The Blob is a science-fiction B movie released in 1958. A mass of mobile goo (the Blob) arrives from outer space, grows exponentially, and consumes people and buildings in a terrified California town.
If you’re not familiar with Agile jargon, “Back Log” refers to work that remains to be done. “Back Blob” is a not too subtle play on this concept.
The “given-when-then” (GTW) narratives used in Behavior Driven development (BDD) and Acceptance Test Driven Development (ATDD) are single slices of an astronomically large input and state space. Tools like JBehave and SpecFlow help to structure this text, associate it with hand-crafted test cases, and then track testing status. However, they do not address the fundamental problem of adequate testing – getting a meaningful exploration of a system under test.
Worse, I think they lead to a false sense of completeness, both as specifications and as tests. Although producing GWTs is a big step up from undocumented tribal knowledge, it is nowhere near a complete specification and even further from an adequate test suite.
But, even if a BDD collection was complete, it has sustainability limitations: to retain value as a system evolves, it must be maintained and then re-run. Test automaton helps with the re-run part, but significant work is still needed for maintenance, in addition to the work needed to develop the next incremental feature set. This is true of any hard-coded collection of non-parameterized requirements and test cases. Over time, as a BDD/test code base grows, it either crowds out development or, typically, is simply ignored. Either is high-risk. That’s how Agile teams get eaten by the testing BackBlob.
With model-based testing, one maintains test models – not test cases – then generates executable test code. As existing features change and new features are added, a test model is updated accordingly. Previously generated tests and test code can be discarded with no maintenance; a fresh test suite is automatically regenerated. The size/complexity of test models grows much more slowly than the actual test suites/cases. That’s why updating a test model is much less effort than attempting to maintain a growing collection of test instances. Because models are simpler, the chance of update errors and omissions is reduced. Most importantly, model maintenance provides early validation that can reveal bugs and adverse feature-interactions that regression tests based on stale requirements will let escape.
The talk includes a demo of SpecExplorer. I don’t discuss its theory, how to model, or its exotic features, but I do show the basic steps needed to do MBT with SpecExplorer.
One of the developer/testers in the audience tweeted about the talk, with a hash tag #MoreModelsLessTests using a catch phrase I tossed out.
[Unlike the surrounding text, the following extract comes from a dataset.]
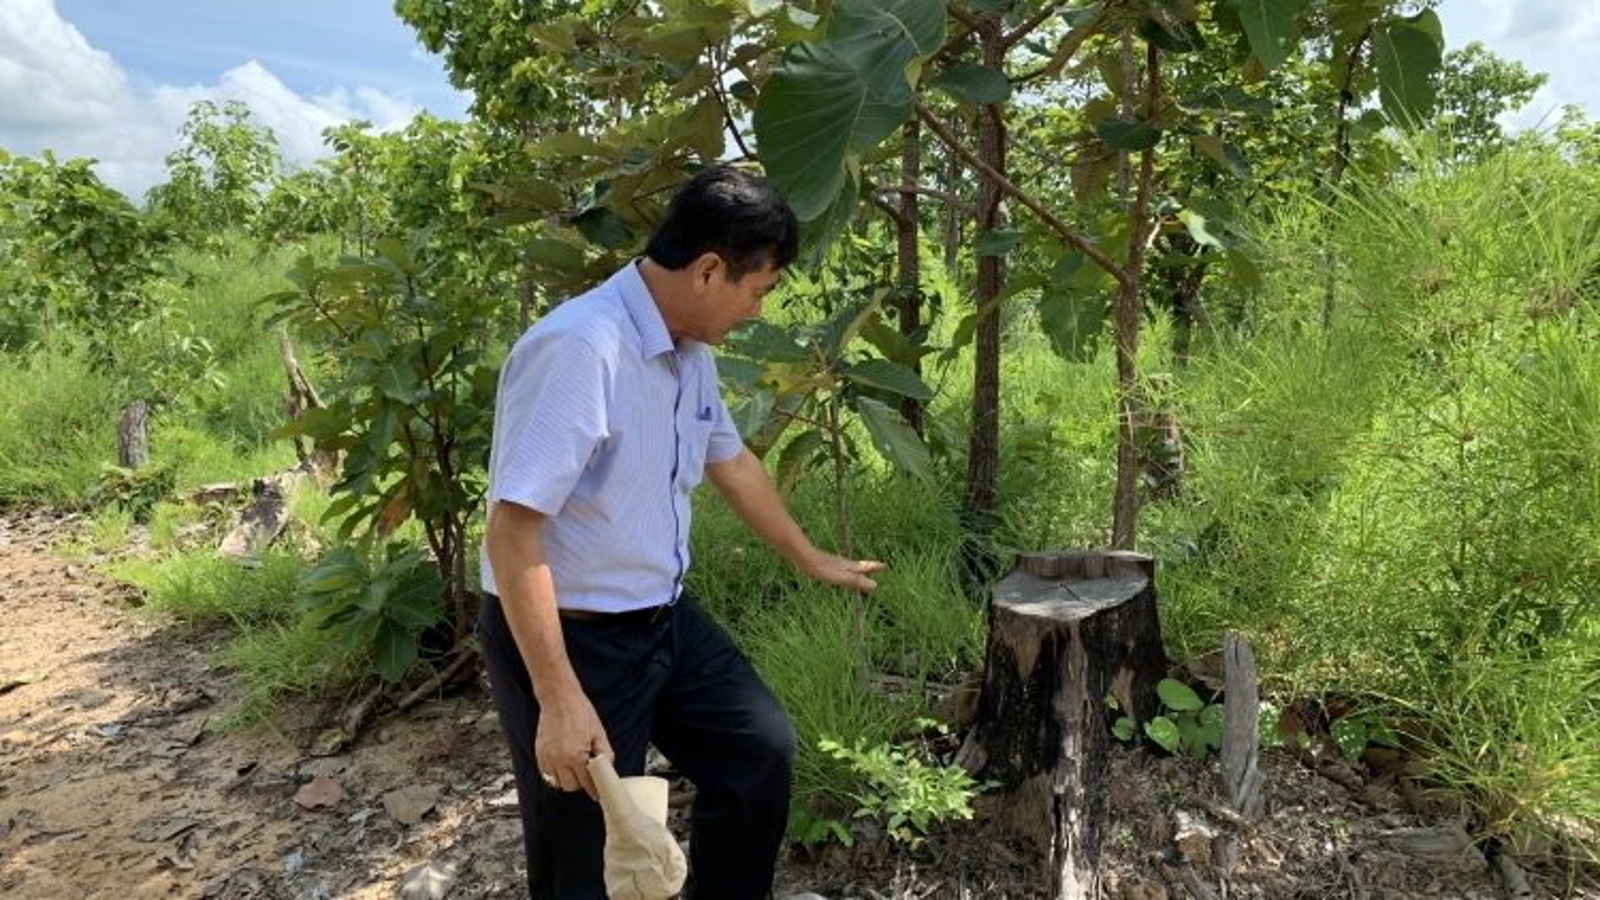 Thủ tướng chỉ đạo kiểm tra, xử lý vấn đề VOV nêu về phárừng ởTây Nguyên

This almost says it all, except that with models, we can automatically produce many, many more tests, but drive the cost of maintaining the tests to very near zero.
A video of the talk is on YouTube http://ow.ly/qMkb4.
The slides are on http://www.slideshare.net/robertvbinder/taking-bddtothenextlevel
The YouTube video couldn’t include the video clips from “The Blob” (1958) that I used to illustrate the concepts and have a little fun, so here they are
In the movie, the Blob is finally beaten back (spoiler alert) by freezing it – that’s what I think model-based testing can do for the testing backblob.